Monday, January 08, 2007

Short skirt, long boots

I'm almost done returning my Christmas presents. Don't get me wrong, my family did a great job with picking clothing out for me (of course they do have a list of preapproved stores), but I wanted to see if I could do any better with the after Christmas sales and, so far, I have.

For instance, I got this great skirt at Pre-approved Store #1: White House Black Market. My step-mother got me a shirt that was almost identical to one I already have from there, so I wandered through the sales racks and found a very short, very form-fitting gray skirt that would look amazing with my black leather boots.

I pranced around the office in my black boots and tiny skirt and it was very well received. Everyone in the sales department personally complimented me. My office husband asked me out to lunch for the first time ever -- I'd like to thank the skirt for such progress as I didn't have to do the asking this time.

12:30 comes and we walk out to his truck and I open the door and panic. He has a full-sized truck with super-sized tires. And no running boards. And the truck was parked on a upward incline for me. My very short, very form-fitting skirt would not allow me to climb in his truck. I tried grabbing the Oh Shit bar along the roof of the door, but I couldn't pull myself up into the seat. Office husband laughed; I nervously giggled.

Next I tried "backing" into the seat. I stuck my back to the seat and put my hands behind me and tried to jump up and sit, but alas, I'm not much of a jumper -- I'm rather white in that area. Two or three very poor attempts and I'm laughing too hard to even jump anymore.

Office Husband started coming around the truck, "Do you need help? Should I pick you up?"

"No!" My pride kept me from needing help to get in a freaking car, even if I did look completely ridiculous in the process.

"Turn around!" I half-laughed, half-ordered. He did. I hiked my skirt up to my hips, flashing the (I hope) empty parking lot and climbed in. I yanked my skirt back down. "Okay, I'm good."

Office Husband turned around and got in the truck. Hmm, the shirt my step-mother bought for me wouldn't have given me this many problems.

But remember, I looked very sexy, even if I didn't act like it.

6 comments:

Anonymous said...

I have a friend who says, "If you can't sit on it, it's not a skirt."

The RHS said...

ah hell, for all he's done for you you oughtta' given him a show! ;)

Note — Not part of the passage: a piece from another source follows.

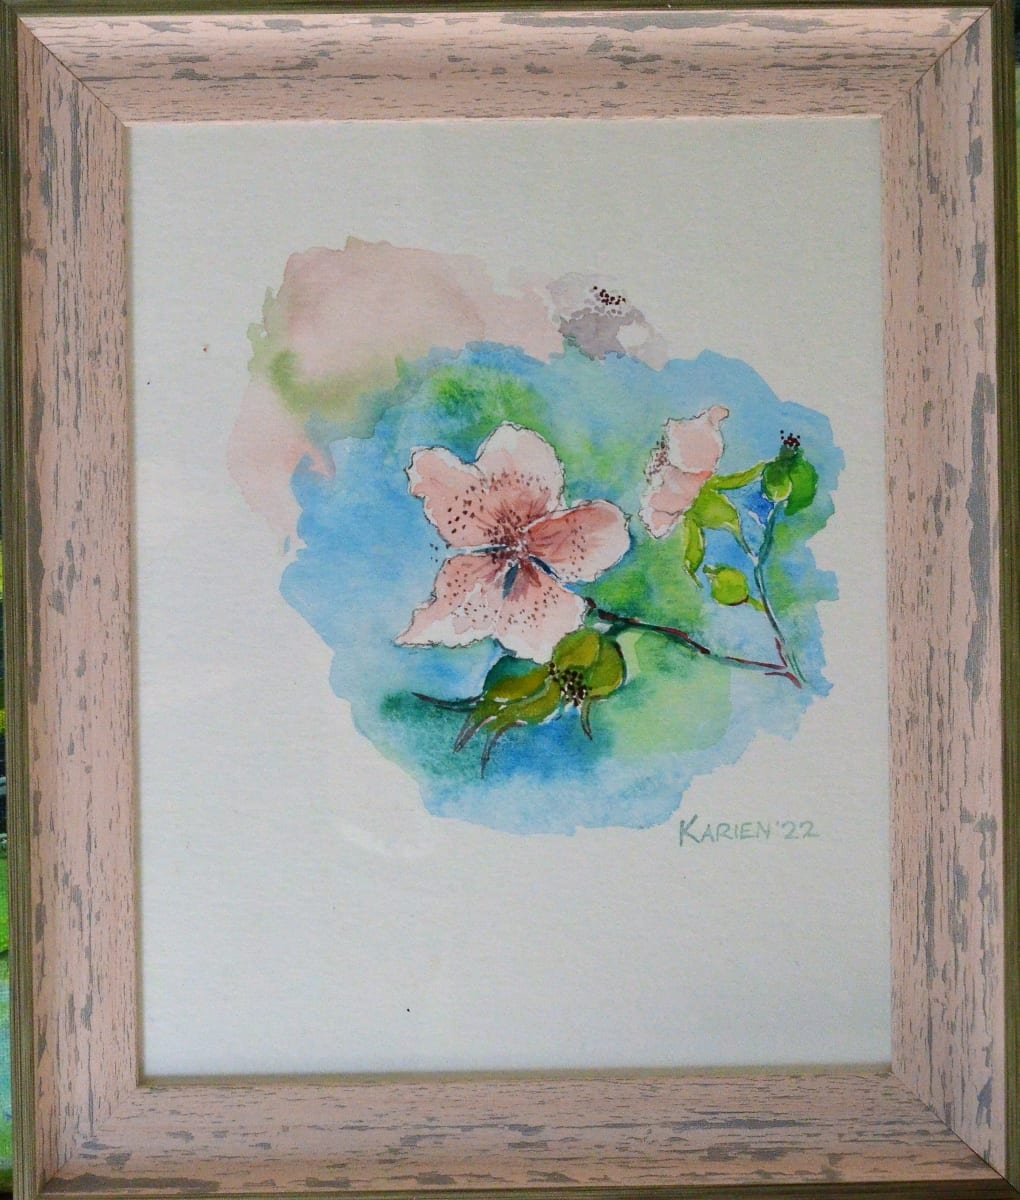 Blossom by Karien Dutton  Image: Blossom

so does this mean office hubby might have a thing for you? surely it can't all be skirt!

Anonymous said...

When the hell is your office husband going to become your real husband for crying out loud! I hate all of this pussy-footing around. I'm waiting for my damned wedding invitation!

Jamie said...

Robin- but it's cute!

The RHS- Well there were some scandalous Christmas party photos, but I don't think so.

Dan- HAHA! Yeah, it's all platonic there. I don't think he's my type.

Anonymous said...

why weren't there any personal visuals along with this story?

i think that would have gone along quite nicely.

Anonymous said...

I like this style... This stylish skirt and black leather boots both are fabulous!!